Build BM25 query with weighted terms.
Returns:
MatchTextExpr with query string and field boosts
"""
# Normalize and tokenize
tks = rag_tokenizer.tokenize(txt)
# Get TF-IDF weights
tks_w = self.tw.weights(tks)
# Build query string
q = []
for (tk, w) in tks_w[:256]:
# Add term with weight
syn = self.syn.lookup(tk) # Get synonyms
q.append(f"({tk}^{w:.4f} {syn})")
# Add phrase queries with 2x boost
for i in range(1, len(tks_w)):
left, right = tks_w[i-1][0], tks_w[i][0]
weight = max(tks_w[i-1][1], tks_w[i][1]) * 2
q.append(f'"{left} {right}"^{weight:.4f}')
return MatchTextExpr(
query=" ".join(q),
fields=self.query_fields,
min_match=f"{int(min_match * 100)}%"
)
Field Boosting
# Fields searched with boost factors
query_fields = [
"title_tks^10", # Title: 10x boost
"title_sm_tks^5", # Title (semantic): 5x
"important_kwd^30", # Keywords: 30x
"important_tks^20", # Keyword tokens: 20x
"question_tks^20", # Question tokens: 20x
"content_ltks^2", # Content: 2x
"content_sm_ltks", # Content (semantic): 1x
]
# Final BM25 score = sum of field scores with boosts
Elasticsearch Query
{
"query": {
"query_string": {
"query": "(machine^0.85 ML AI) (learning^0.72) \"machine learning\"^1.7",
"fields": [
"title_tks^10",
"important_kwd^30",
"content_ltks^2"
],
"minimum_should_match": "30%",
"default_operator": "OR"
}
}
}
Parameter Tuning
k1 Parameter
k1 controls term frequency saturation:
- k1 = 0: Binary occurrence (term present or not)

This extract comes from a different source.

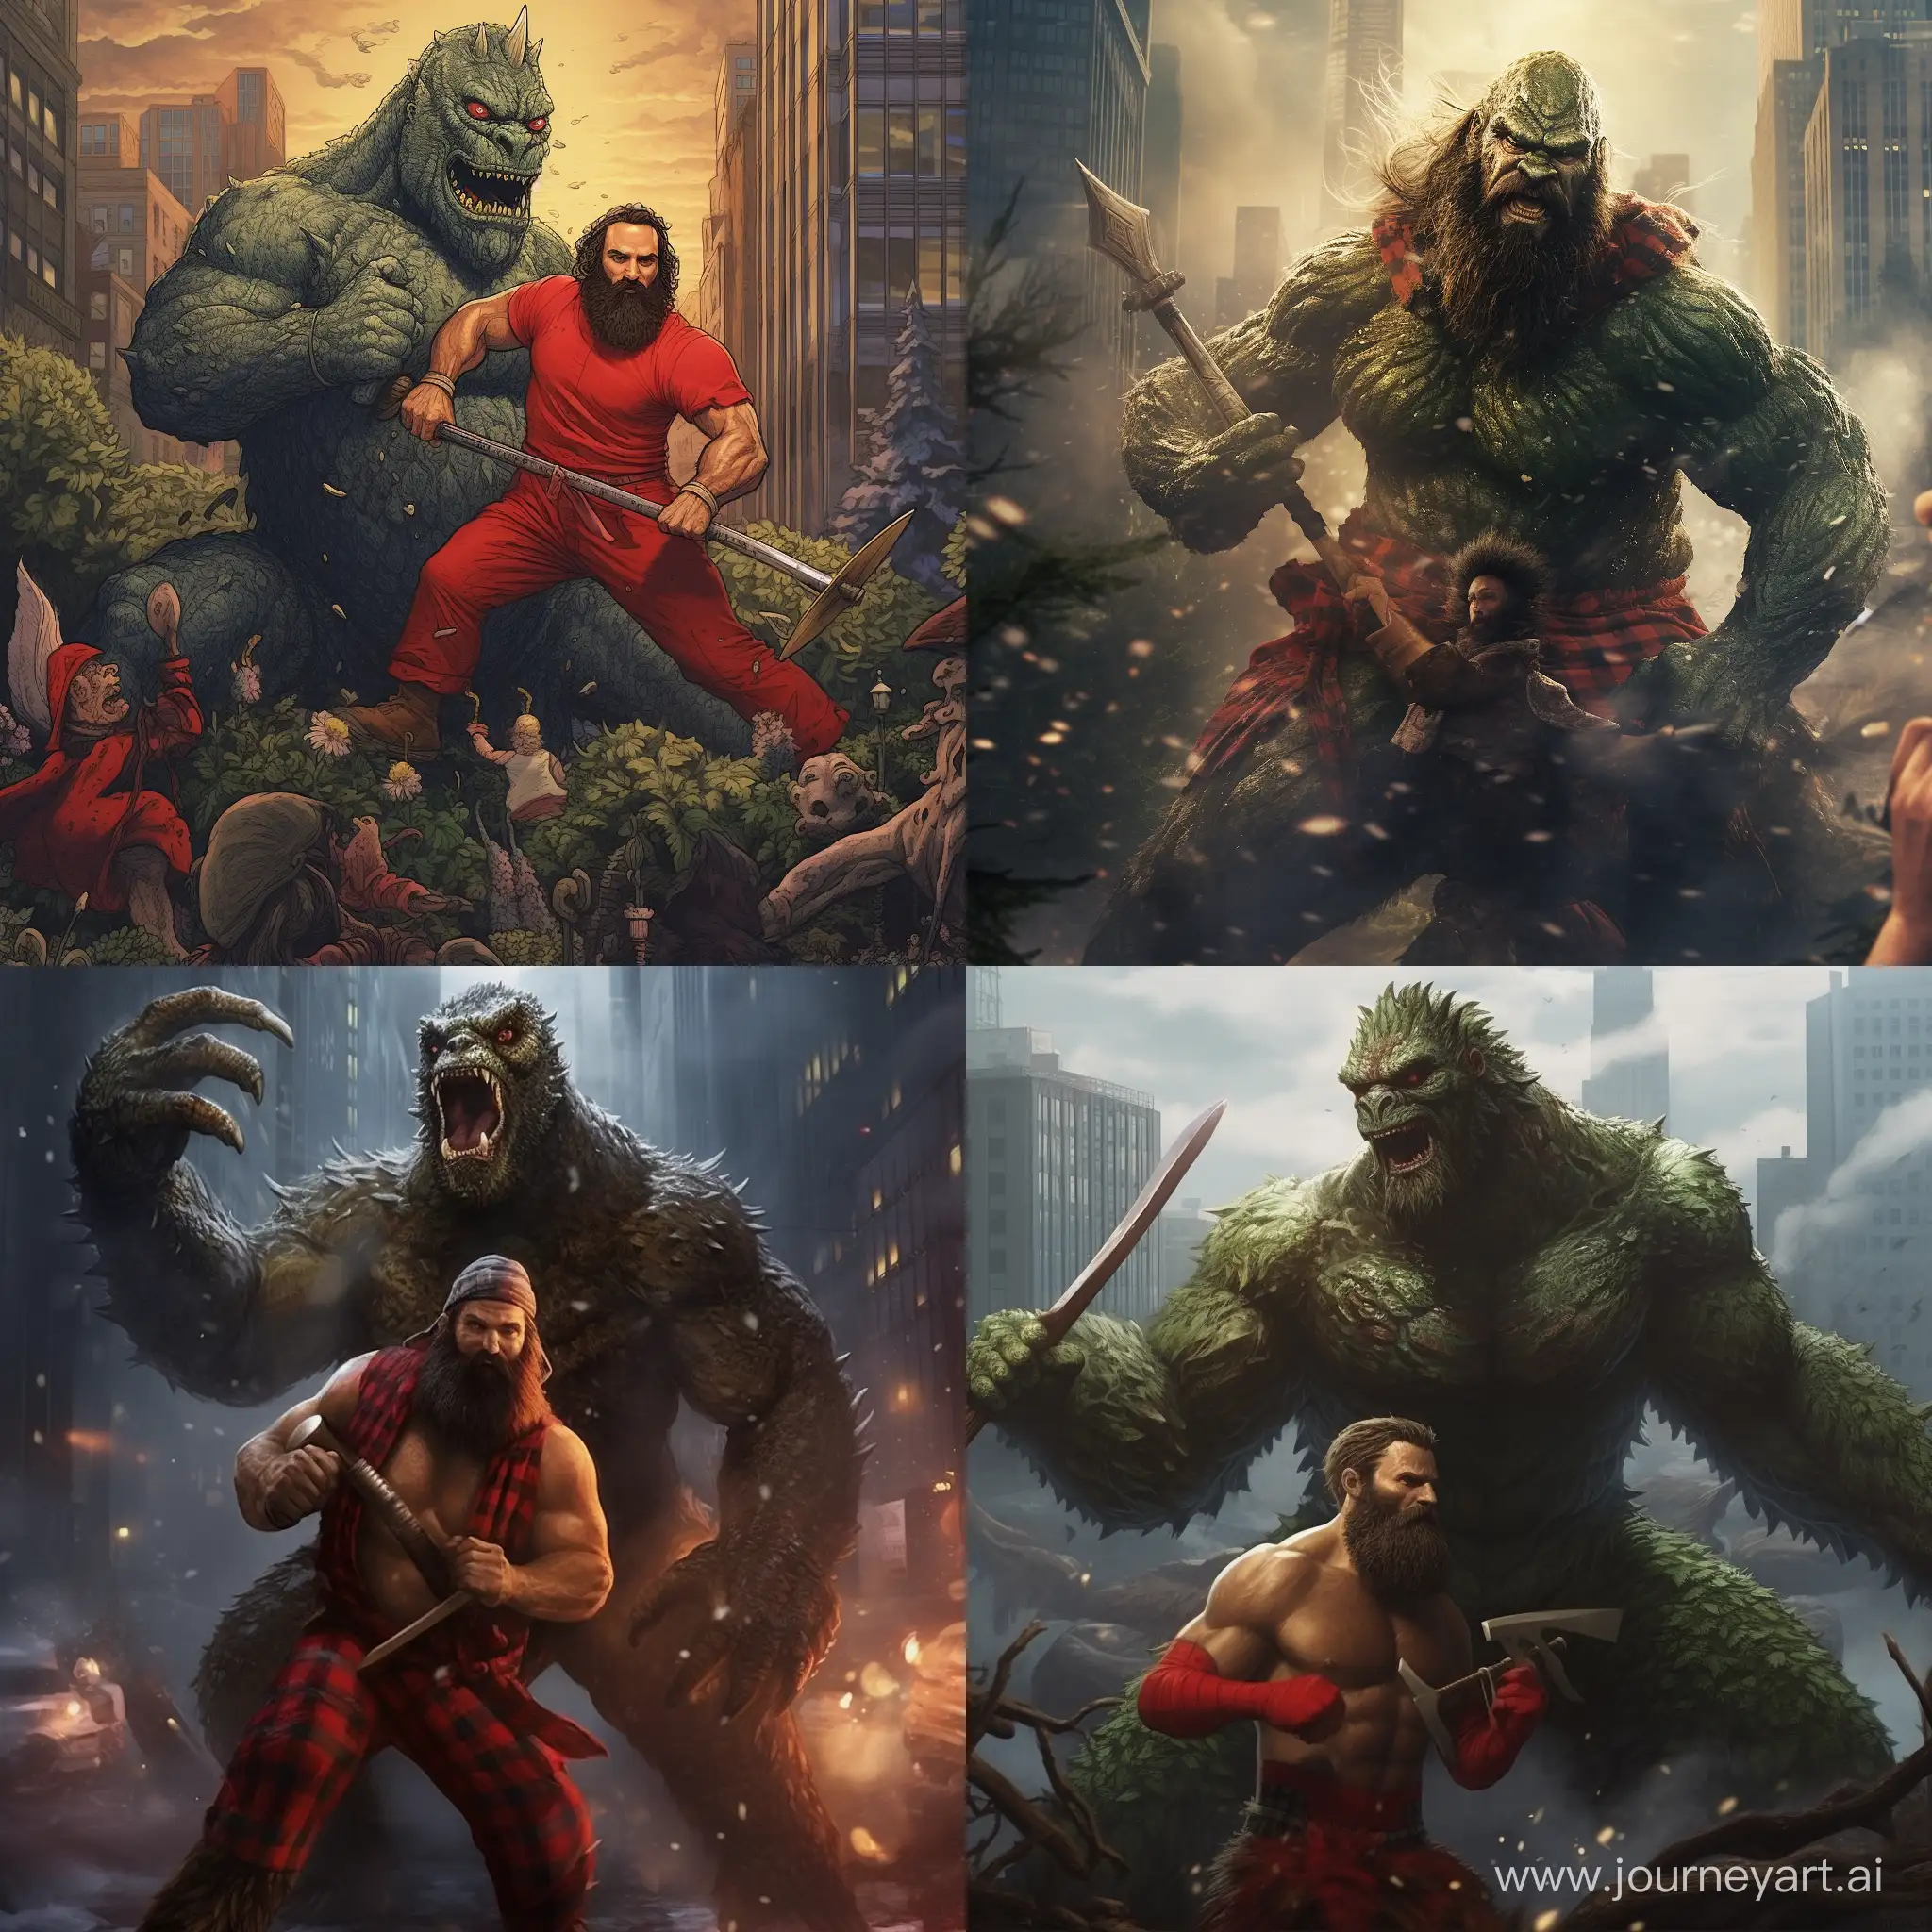 Paul-Bunyan-Battling-Godzilla-in-Epic-New-York-City-Showdown
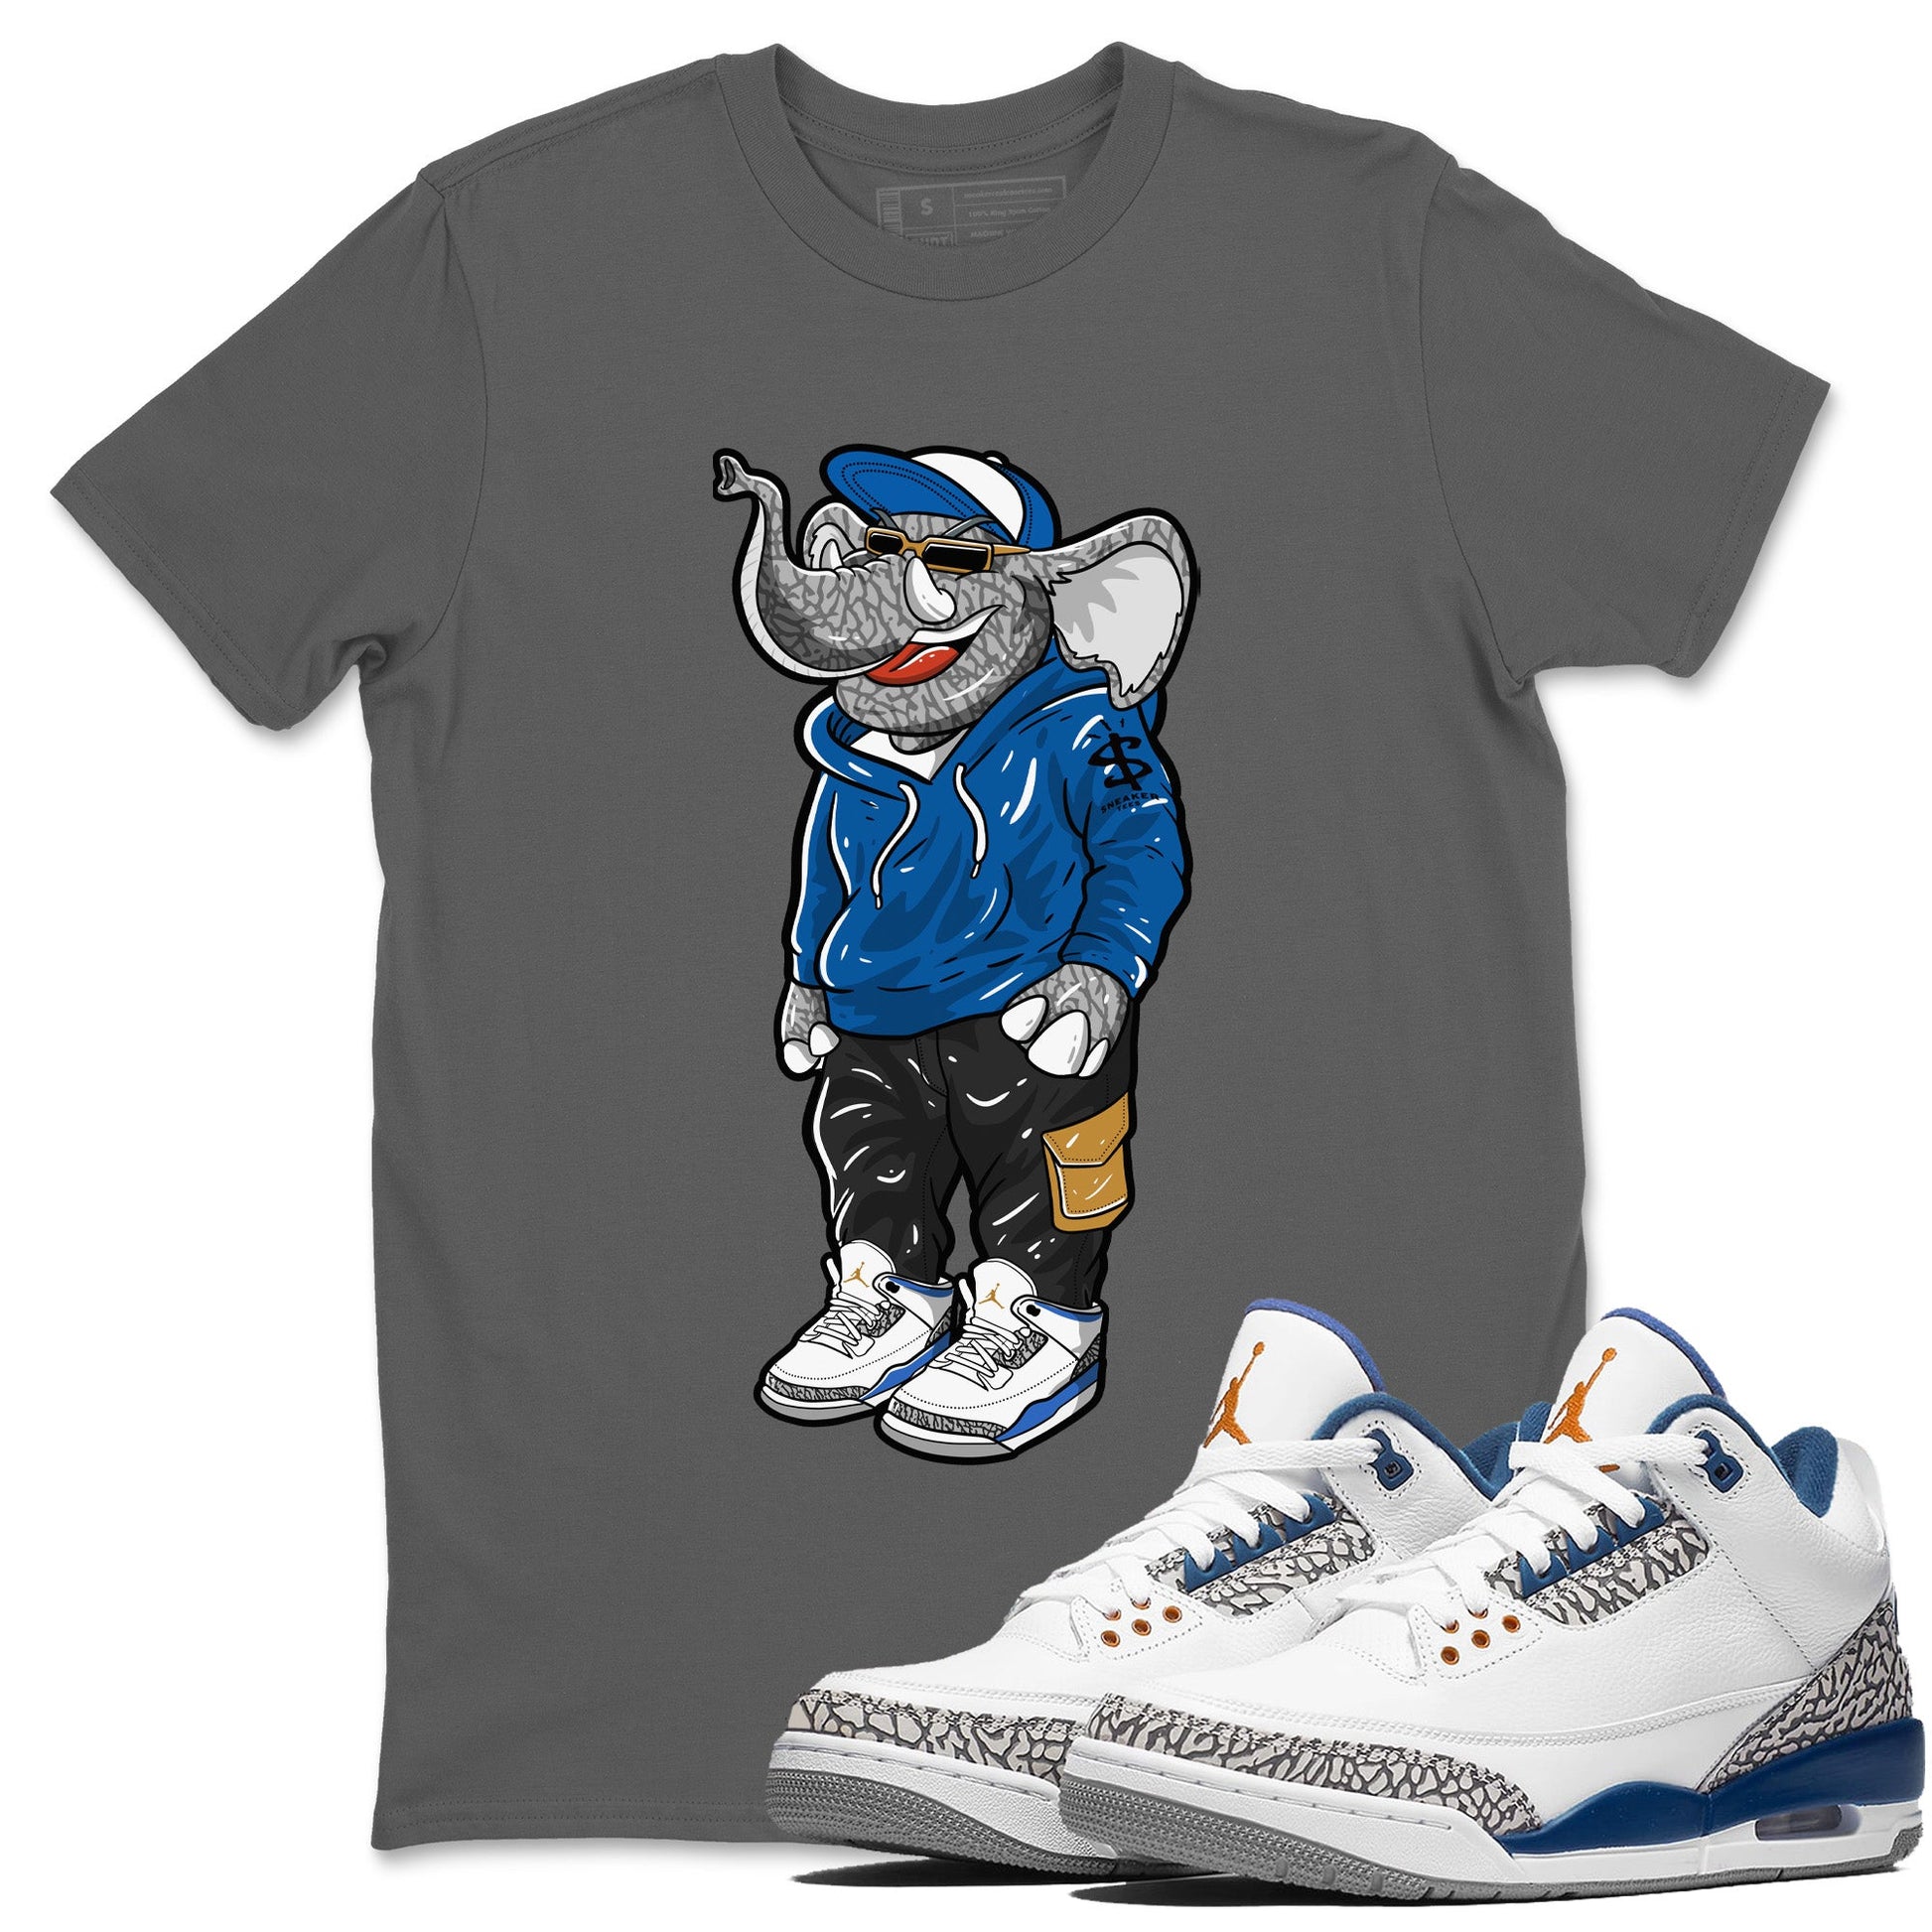  Shirt To Match Jordan Retro 3 Wizards/True Blue Cement

- k1 = 1.2: Moderate saturation (default)
- k1 = 2.0: Less saturation, higher weight for frequent terms
Higher k1 = more weight to term frequency
b Parameter
b controls length normalization:
- b = 0: No length normalization
- b = 0.75: Moderate normalization (default)
- b = 1.0: Full normalization
Higher b = more penalty for long documents
BM25 Score Components
┌─────────────────────────────────────────────────────────────────┐
│ BM25 SCORE BREAKDOWN │
└─────────────────────────────────────────────────────────────────┘
For query "machine learning" on document D:
1. IDF Component:
IDF("machine") = log((10000 - 500 + 0.5) / (500 + 0.5) + 1) = 3.0
IDF("learning") = log((10000 - 300 + 0.5) / (300 + 0.5) + 1) = 3.5
2. TF Component (k1=1.2):
f("machine", D) = 3 occurrences
TF_factor = (3 × 2.2) / (3 + 1.2 × (1 - 0.75 + 0.75 × 100/50))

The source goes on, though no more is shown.